Submitting your workflow to Fuzzball with the GUI is easy. Simply press the triangular “Start Workflow” button in the lower right corner of the workflow editor. You will be prompted to provide an optional descriptive name for your workflow.
Now you can click on “Start Workflow” in the lower right corner of the dialog box and your workflow will be submitted. If you click “Go to Status” you can view the workflow status page. The screenshot below shows the status page for a hello world workflow submission.

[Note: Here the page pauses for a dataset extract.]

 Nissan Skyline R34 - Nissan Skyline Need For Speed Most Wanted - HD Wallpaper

To retrieve logs produced by this workflow, select a job within the workflow such as
make-blast-database
, and click the “Logs” option on the right.

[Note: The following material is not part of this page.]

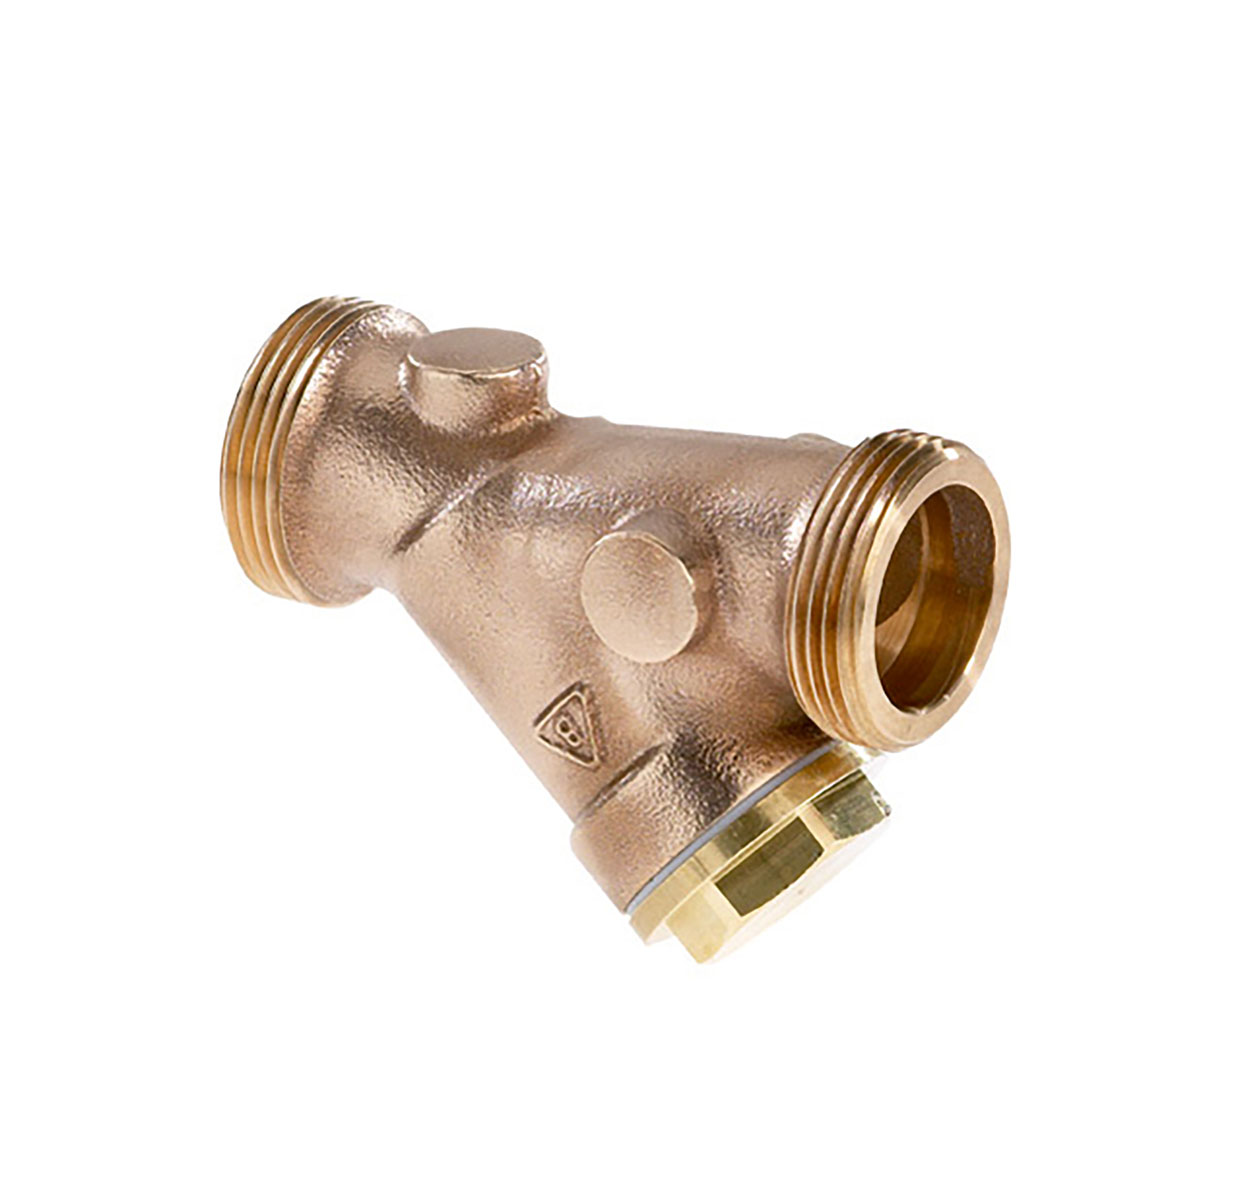 2452250 - Red-brass Strainer Strainer with PTFE-sealing (Teflon)

To run this workflow through the CLI you will need access to the Fuzzball CLI. You can install it using the Fuzzball CLI installation instructions.

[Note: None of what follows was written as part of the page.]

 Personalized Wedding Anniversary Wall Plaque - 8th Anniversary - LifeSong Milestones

First, you can create a Fuzzfile blast.fz
with the contents above using the text
editor of your choice.
You can start start this workflow using the CLI by running the following command:
$ fuzzball workflow start blast.yaml
Workflow "8ae68827-4bce-45c6-ab0c-9f086a8052fb" started.
You can monitor the workflow’s status by running the following command:
$ fuzzball workflow describe <workflow uuid>
Name: blast.yaml
Email: bphan@ciq.co
UserId: e554e134-bd2d-455b-896e-bc24d8d9f81e
Status: STAGE_STATUS_FINISHED
Created: 2024-06-18 09:37:23AM
Started: 2024-06-18 09:37:23AM
Finished: 2024-06-18 09:44:21AM
Error:
Stages:
KIND | STATUS | NAME | STARTED | FINISHED
Workflow | Finished | 8ae68827-4bce-45c6-ab0c-9f086a8052fb | 2024-06-18 09:37:23AM | 2024-06-18 09:44:21AM
Volume | Finished | blast-volume | 2024-06-18 09:37:24AM | 2024-06-18 09:37:45AM
Image | Finished | docker://ncbi/blast:2.12.0 | 2024-06-18 09:37:24AM | 2024-06-18 09:41:20AM
Job | Finished | create-dirs | 2024-06-18 09:41:35AM | 2024-06-18 09:41:40AM
Job | Finished | retrieve-query-sequence | 2024-06-18 09:41:56AM | 2024-06-18 09:42:04AM
Job | Finished | retrieve-database-sequences | 2024-06-18 09:41:58AM | 2024-06-18 09:42:06AM
Job | Finished | make-blast-database | 2024-06-18 09:42:21AM | 2024-06-18 09:42:28AM
Job | Finished | run-blast | 2024-06-18 09:43:38AM | 2024-06-18 09:43:45AM
File | Finished | file://results/blastp.out -> | 2024-06-18 09:44:00AM | 2024-06-18 09:44:05AM
| | s3://co-ciq-m... |
You can view outputs logged by the workflow using the fuzzball workflow log
command and provide the
workflow UUID and job name. For example, executing the following command, will output logs from job
make-blast-database
in the workflow:
$ fuzzball workflow log <workflow uuid> make-blast-database
Building a new DB, current time: 06/18/2024 16:42:26
New DB name: /data/fasta/nurse-shark-proteins
New DB title: Nurse shark proteins
Sequence type: Protein
Keep MBits: T
Maximum file size: 1000000000B
Adding sequences from FASTA; added 7 sequences in 0.244187 seconds.